Dégrèvement : cette réduction de 30% s’applique sur le montant obtenu. Ce dégrèvement sera de 65% en 2019, avant l’exonération en 2020.

Contribution à l’audiovisuel public : la CAP, ou redevance télé (139 euros par foyer fiscal équipé en 2018, sauf exception), s’ajoute à la taxe d’habitation et n’est pas concernée par le dégrèvement de 30%.

Exonération totale : de longue date, certains foyers modestes, les titulaires de l’AAH ou encore de l’ASPA sont totalement exonérés de taxe d’habitation.

Combien de communes ont augmenté leur taux de taxe d’habitation ?

La polémique est partie sur les réseaux sociaux, certains contribuables partageant leur surprise en découvrant une hausse de taxe d’habitation, puis elle a été étayée par un article du Figaro listant 6 000 communes ayant augmenté leurs taux d’imposition, malgré la promesse gouvernementale d’une compensation « à l’euro près » du manque à gagner pour les collectivités. En réaction, le ministre des Comptes publics Gérald Darmanin a publié vendredi le fichier intégrant l’ensemble des évolutions de taux communaux et intercommunaux en 2016, 2017 et 2018. Vous pouvez ainsi découvrir les taux dans votre ville en naviguant dans ce fichier Excel.

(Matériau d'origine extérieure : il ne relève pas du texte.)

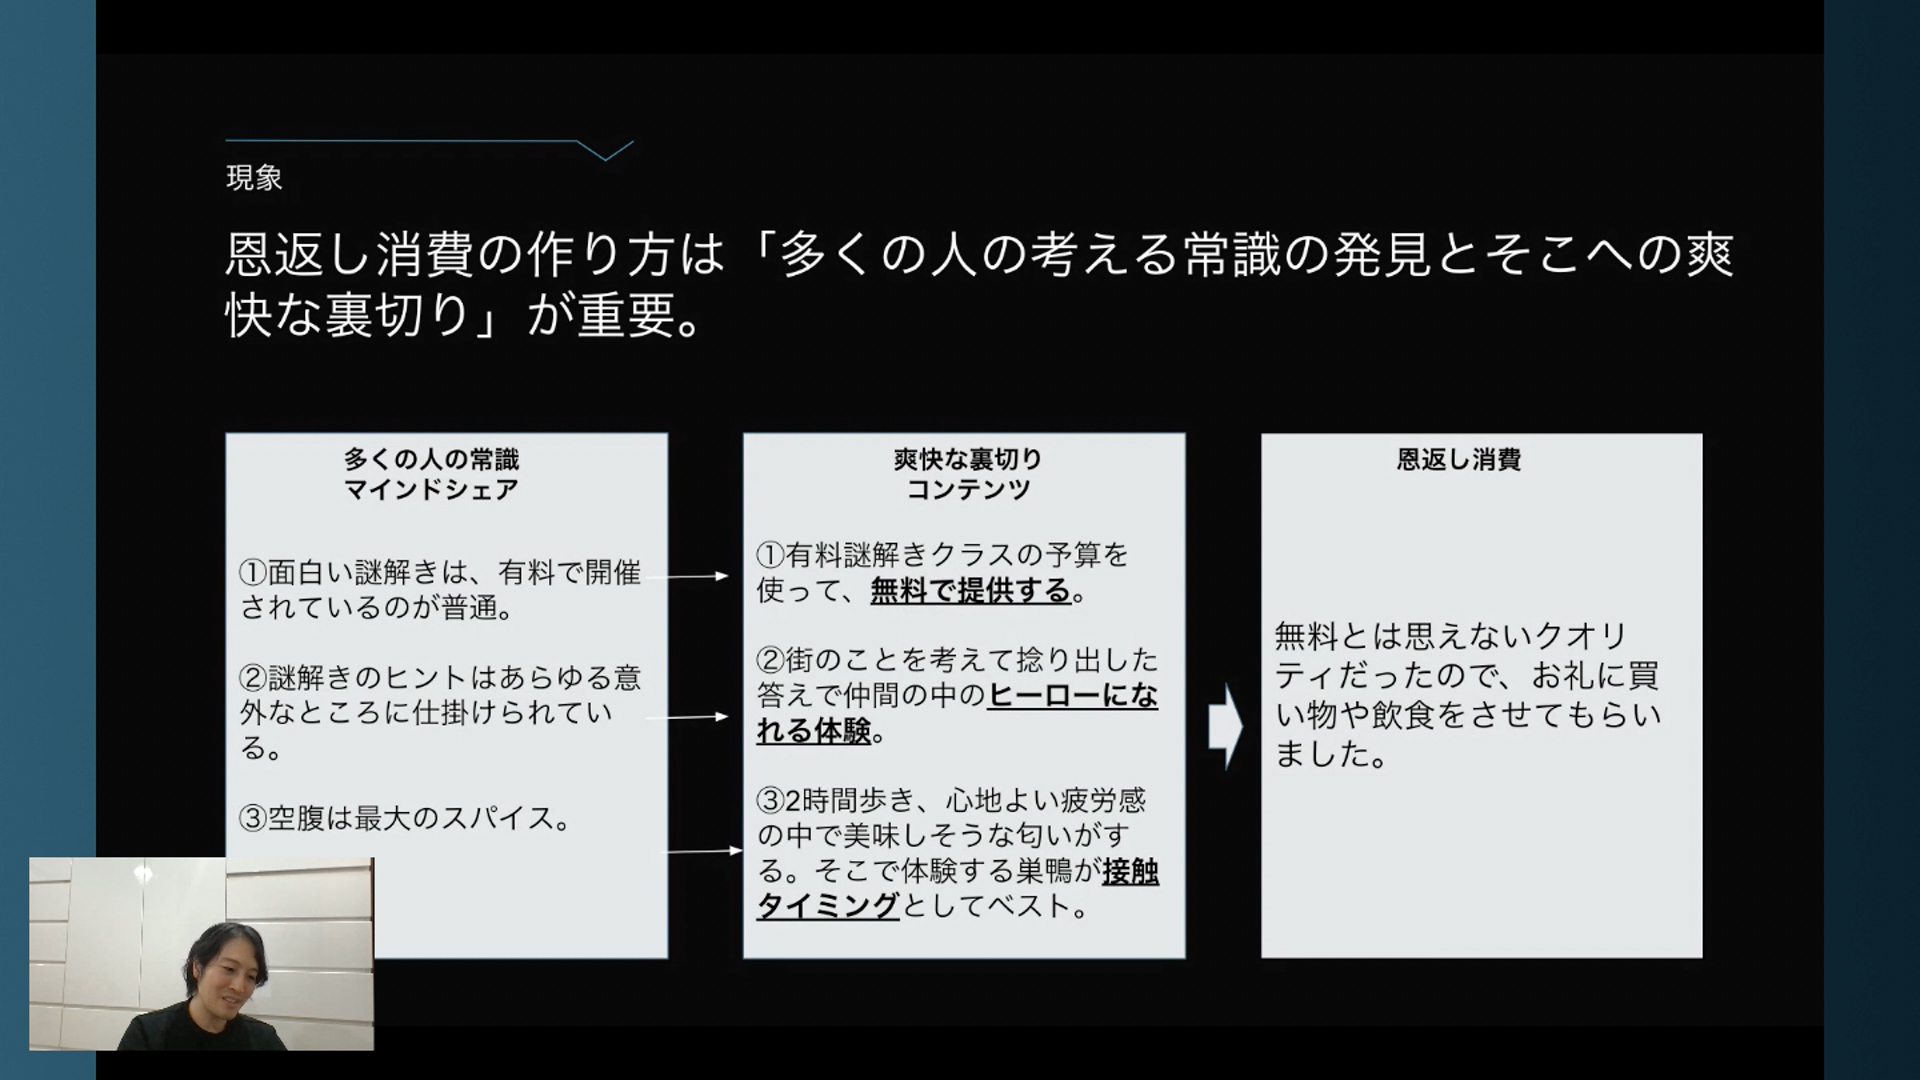 東京 巣鴨の 謎解きゲーム で 恩返し消費 が生まれたワケ カギは 消費者とコンテンツの 接触タイミング ログミーbiz

Une publication vertement critiquée par de nombreux maires, car elle a alimenté la polémique sur les réseaux sociaux. Depuis, Gérald Darmanin a tenté de freiner la controverse et niant toute volonté de stigmatisation des collectivités.

D'importantes hausses à Cholet, Chantilly, Etampes...

Ce fichier a tout de même permis d’identifier les 6 200 communes concernées par les hausses, et dont 55 villes de plus de 10 000 habitants. Par exemple, en 2018, le taux communal est passé de 16,68% à 16,85% à Cholet (49), de 19,77% à 20,56% à Chantilly (60), de 20,9% à 21,53% à Bouguenais (44), de 17,25% à 18,72% à Corbeil-Essonnes (91), de 20,25% à 22,88% à Etampes (91), de 20,63% à 22,03% à Sceaux (92) ou encore de 11,34% à 12,47% au Chesnay (78).

Dans un communiqué diffusé vendredi, l’Association des maires de France affirme que « les 15% [de communes ayant augmenté leurs taux] n’ont pas été motivées par des considérations de politique nationale, mais par la recherche de financements nécessaires à l’accomplissement de leurs missions dans un contexte de baisse de leurs moyens ». Par ailleurs, selon l’état du bâti ou selon le niveau de revenus des habitants, un taux élevé n’implique pas systématiquement d’importantes ressources pour les communes.

Quelle conséquence pour les résidents des villes concernées ?

Pour les particuliers, la hausse du taux d’imposition communal ou intercommunal a une double incidence : augmenter la taxe d’habitation des 20% de foyers non concernés par l’exonération partielle, et limiter la réduction des ménages profitant du dégrèvement.

Pour rappel, le gouvernement a réaffirmé à maintes reprises sa volonté de supprimer cette taxe, y compris pour les 20% restants. Elle « sera supprimée en 2021, soit intégralement cette année-là, ou en deux fois, en 2021 et 2022 », a précisé Gérald Darmanin la semaine passée. Selon les chiffres de la Direction générale des finances publiques (Dgfip), près de 30 millions de ménages ont reçu un avis de taxe d’habitation en 2017, un impôt qui a ainsi rapporté 22,5 milliards d’euros aux collectivités territoriales l’an passé.